Test DICOM files set for Local control challenge
This MD Anderson Cancer Center set of anonymized high-quality computed tomography (CT) scans with contrast represent a comparatively homogeneous, uniform cohort of 288 oropharynx cancer patients with detailed clinical history, consistent follow-up of > 2 years, known etiological/biological correlates (specifically, human papilloma virus status). Our major target is to assess/validate the radiomics workflow and predictive capacity of radiomics signatures from challenge participants.

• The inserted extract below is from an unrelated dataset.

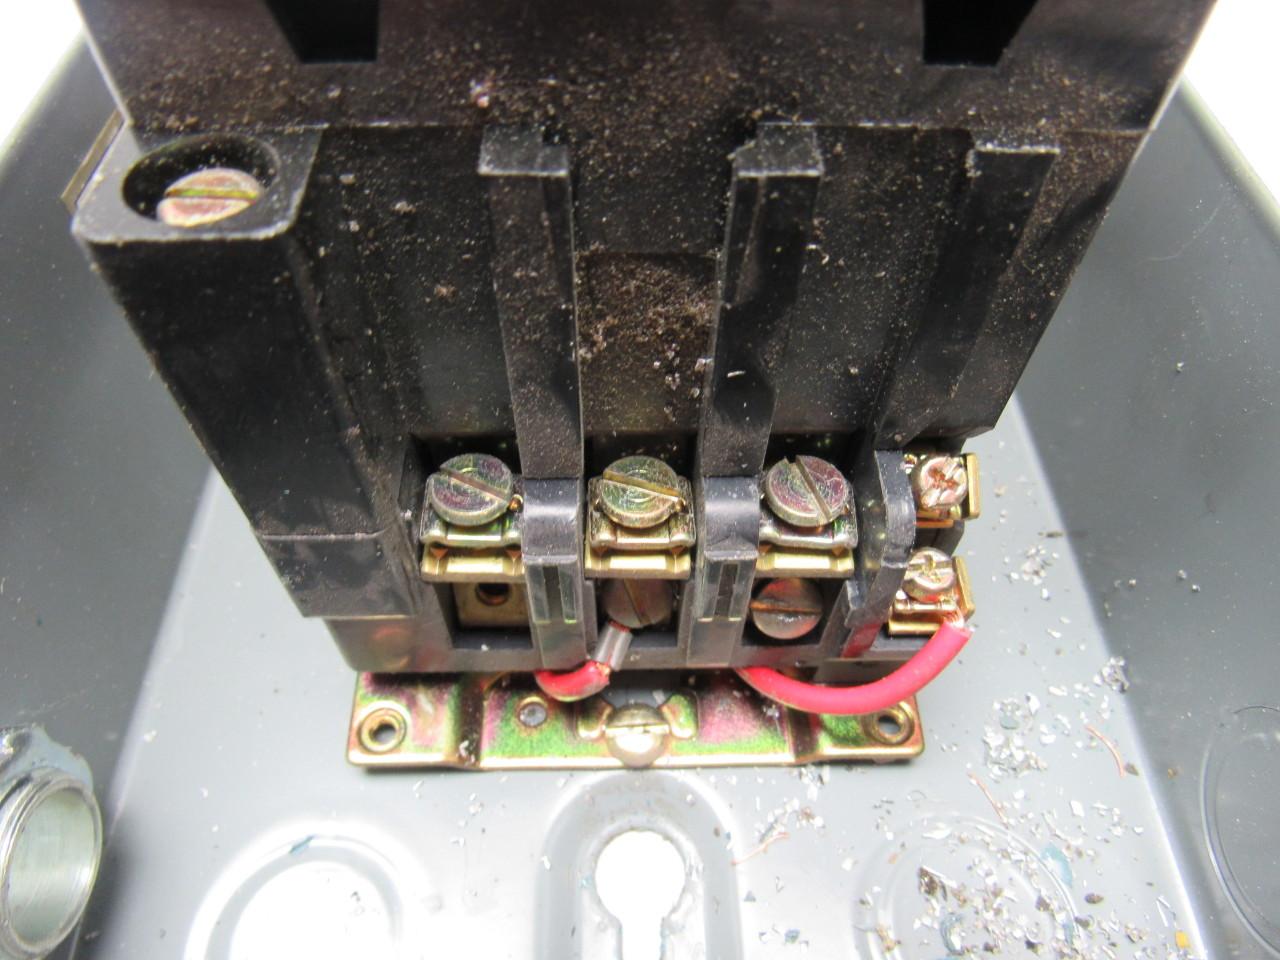 Square d 8536scg3 motor starter 240v nema size 1 w 30072 for Square d motor starter sizing chart

We imported the CT scans from the patients’ electronic medical records, that were performed before the initiation of the radiation treatment course. All the patients were treated using the IMRT modality. Some patients were simultaneously prescribed chemotherapy. We intended that the CT films would be as much representative of the original simulation CT scans that were used for treatment planning, in which no contrast was injected according to our institutional policy.
Specifically, we posted around one-half of the CT scans from the dataset (138 patients), in DICOM-RT format, on the Kaggle in Class server system, as a “training set”. DICOM-RT files were fully anonymized, with expert physician segmenting primary tumor and lymph node as regions of interest, to eliminate segmentation-related uncertainty for challengers.
The primary oropharyngeal tumor was segmented in red. Whereas, the metastatic cervical lymph nodes were segmented individually, rather than on the basis of the nodal level classification system.
Both training and test sets include the following data for each DICOM-RT case:
- tumor side and subsite
- AJCC stage
- Pathologic grade
- smoking status (in pack-years)
Challenge participants will also be able to download a “test" dataset, which includes the remaining randomly selected 150 patients DICOM files and relevant clinical meta-data, with local control status blinded.